Dinorah Figuera, chef de la délégation d'opposition soutenue par les États-Unis dans le dialogue avec le gouvernement chaviste, a remercié vendredi l'Union européenne (UE) pour son soutien au processus de négociation et a souligné que ce soutien contribue à renforcer « l'espoir et la confiance » avec lesquels de plus en plus de Vénézuéliens accompagnent la recherche d'accords sur le chemin d'une pleine démocratie dans ce pays des Caraïbes.
Le président de l’Assemblée nationale élu en 2015 a noté que la communauté internationale concentre une fois de plus son attention sur le Venezuela en tant que « nation ayant le potentiel d’avancer vers une démocratie solide, stable et avant-gardiste ».
Figuera a déclaré en ligne x: « Chaque jour de nouvelles voix se joignent à la conviction que c'est par le dialogue, par des décisions adoptées dans le cadre de mécanismes démocratiques, que nos différends doivent être résolus, en plaçant toujours l'intérêt supérieur de la république au-dessus de tout intérêt particulier. »
Les médias locaux ont rapporté que l'UE avait exprimé son soutien à « tous les efforts » visant à un processus de démocratisation à travers le dialogue entre la délégation d'opposition, dirigée par Figuera, et le gouvernement chaviste, dirigé dans les négociations par le chef du Parlement, Jorge Rodríguez.
La semaine dernière, le chavisme et ce secteur d'opposition ont clôturé le premier cycle de négociations avec deux accords principaux : le renouvellement complet de la Cour suprême de justice (TSJ), augmentant le nombre de magistrats de 20 à 32 après une réforme juridique, et la récupération des avoirs vénézuéliens déposés à la Banque d'Angleterre pour soigner les victimes du double tremblement de terre du 24 juin.
Le processus de dialogue, également soutenu par les États-Unis, ne prévoit pas la participation des dirigeants de l'opposition María Corina Machado et Edmundo González Urrutia. Washington a exprimé sa « satisfaction » quant au début des pourparlers, soulignant qu'ils « contribuent de manière significative au plan en trois phases » proposé par les États-Unis pour une transition vers des élections démocratiques au Venezuela.
En parallèle, quatorze ONG ont demandé le renouvellement avant décembre du Conseil électoral national (CNE), actuellement contrôlé par des responsables sympathisants du chavisme, dans le cadre du dialogue entre le gouvernement et l'opposition promu par les États-Unis.
Dans un communiqué, les organisations ont indiqué que la formation d'un nouveau conseil d'administration du corps électoral et d'un nouveau TSJ seraient des « résultats concrets » de la négociation et pourraient être finalisées « dans les prochains mois ». Les ONG ont déclaré : « Il n’y a aucune raison transparente, technique ou juridique qui justifie son report jusqu’en décembre ».

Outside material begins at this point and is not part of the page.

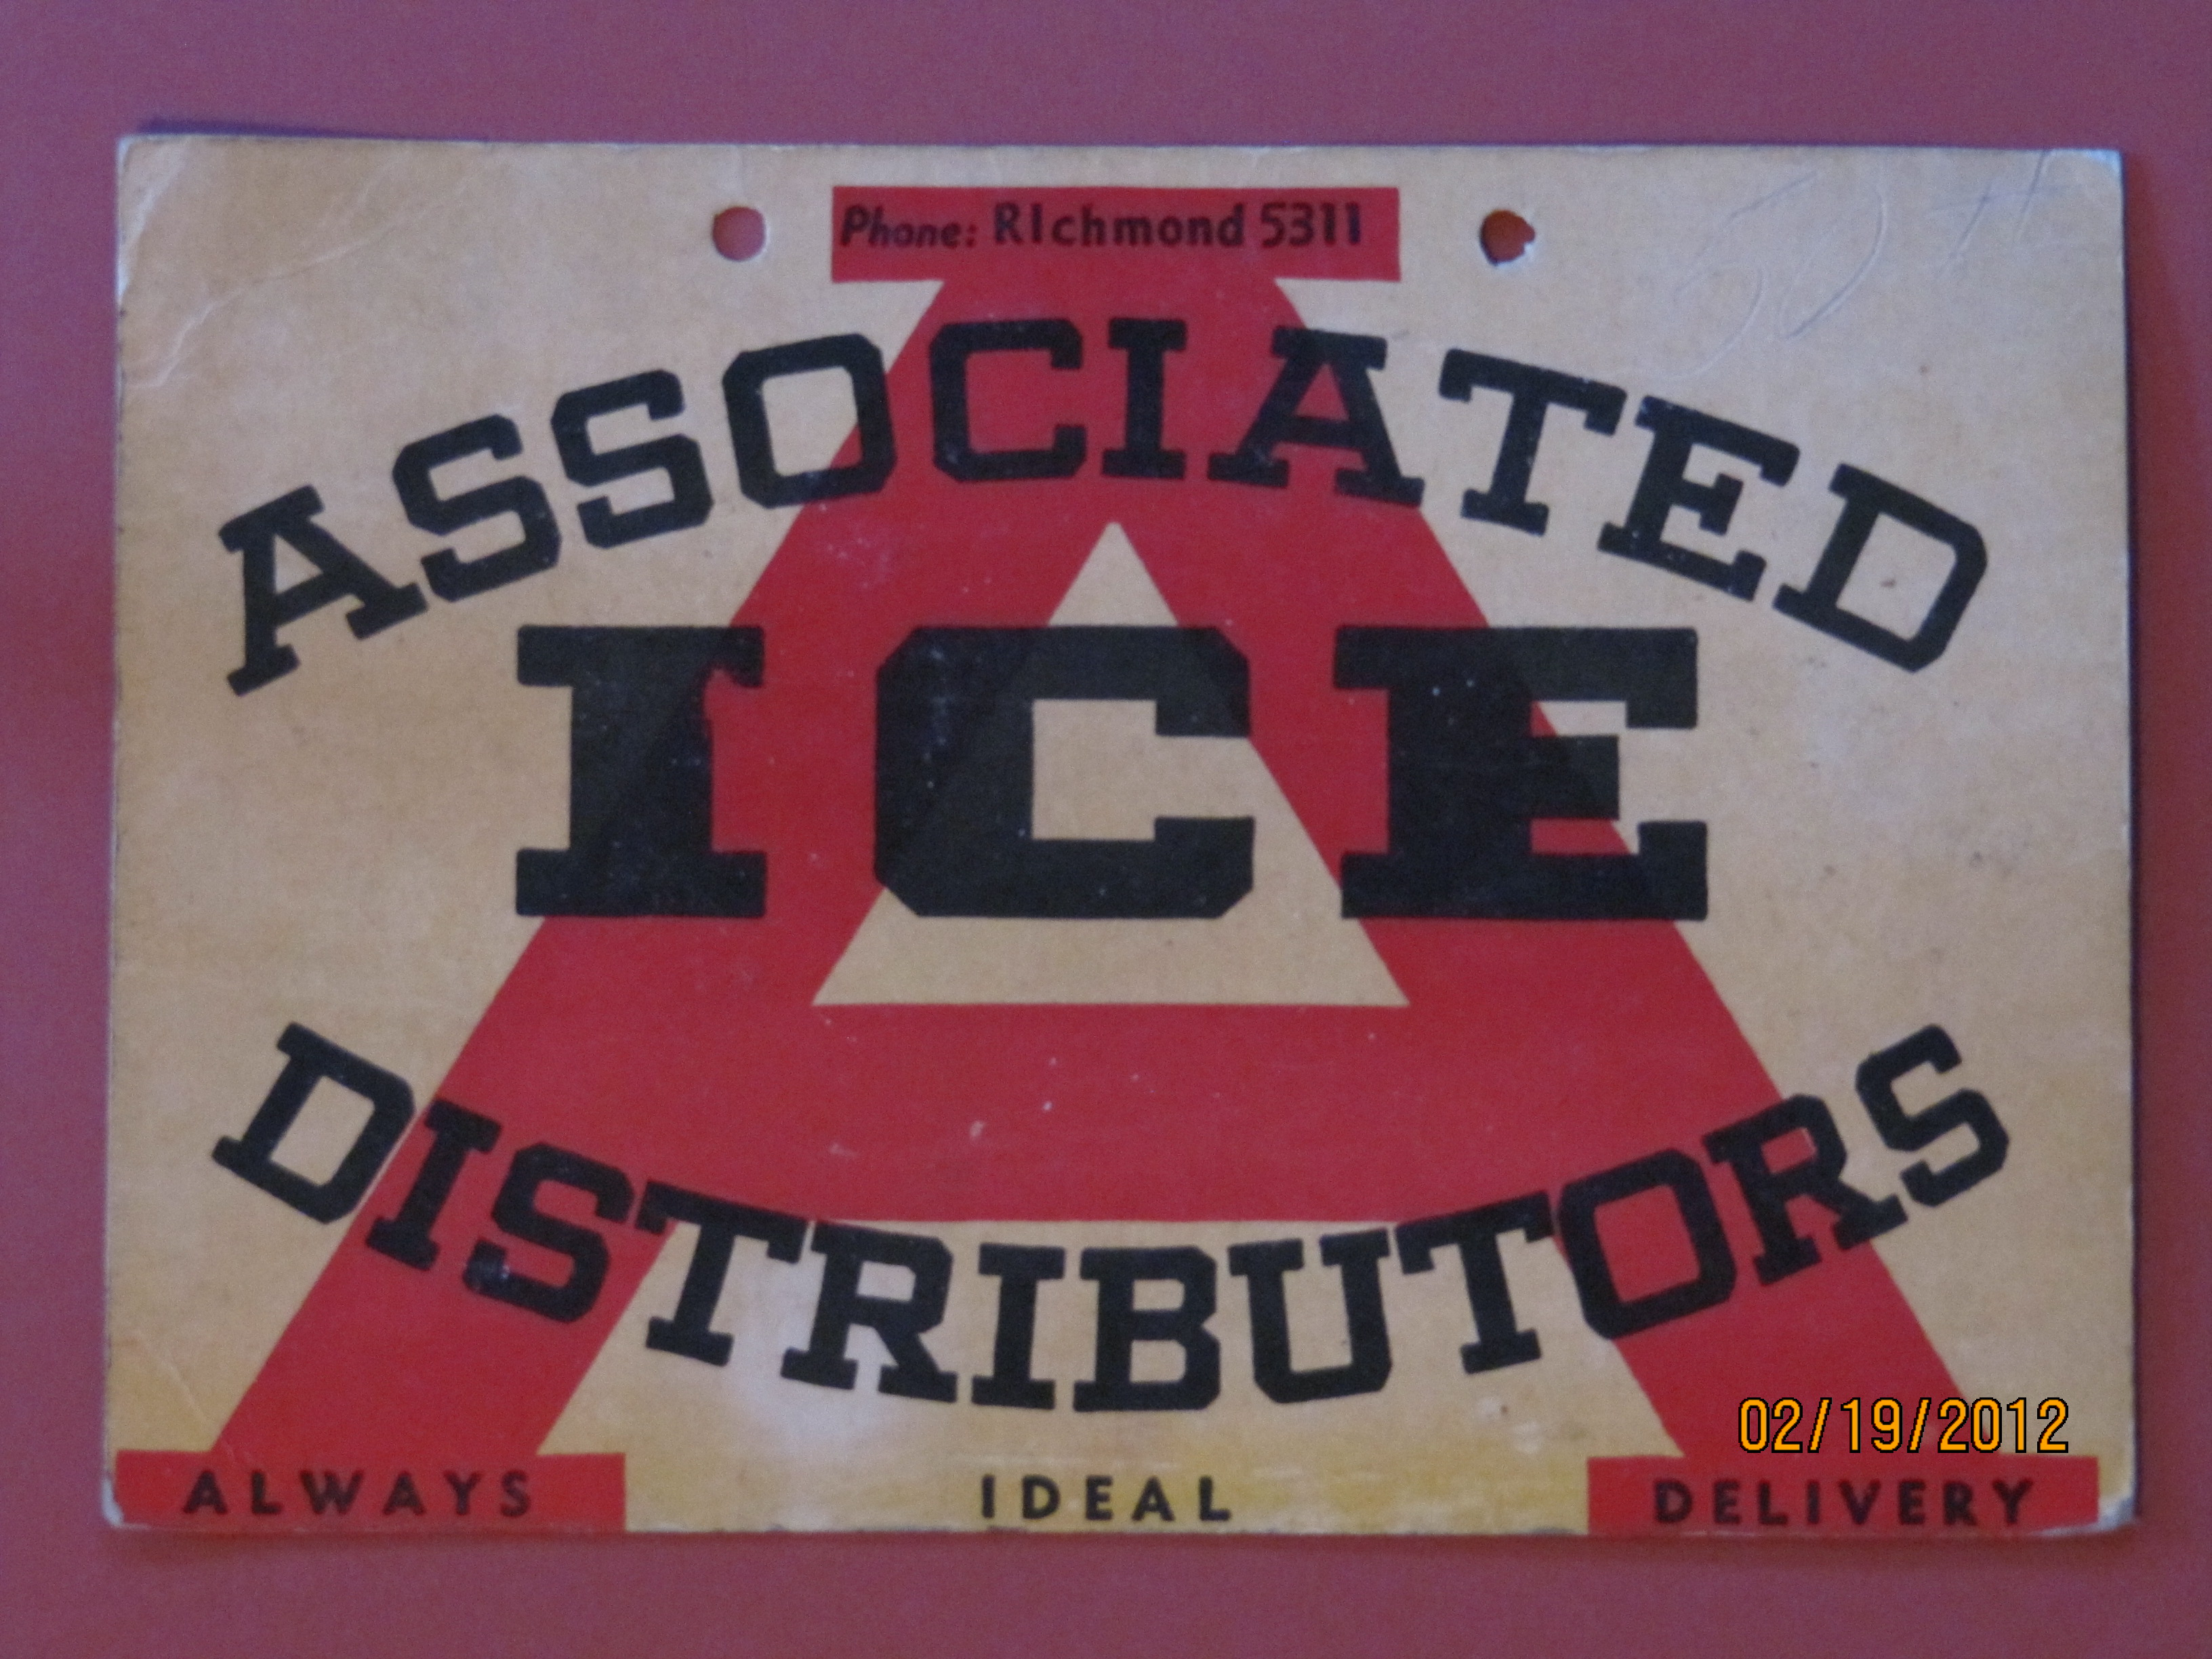 Associated Ice Distributors

Les entités ont rappelé que les procédures juridiques actuelles permettent le renouvellement du CNE dans un délai de près de deux mois et ont proposé octobre comme date réalisable, à condition qu'il y ait une volonté politique.

Parmi les ONG signataires de la déclaration, se distinguent Provea, l'Observatoire vénézuélien des droits humains de la femme, le Réseau électoral citoyen, Transparencia Venezuela, Unión Afirmativa et Voto Joven.
Le groupe a souligné que la table de négociation doit produire des résultats rapides, crédibles et authentiques, puisque la question électorale « occupe une place centrale dans les attentes des citoyens ». Ils ont averti que le report du renouvellement du CNE pourrait aggraver la perception d'incertitude et renforcer l'exception institutionnelle, tandis que l'activation de l'agenda électoral et judiciaire peut devenir un facteur de crédibilité et de confiance pour la population.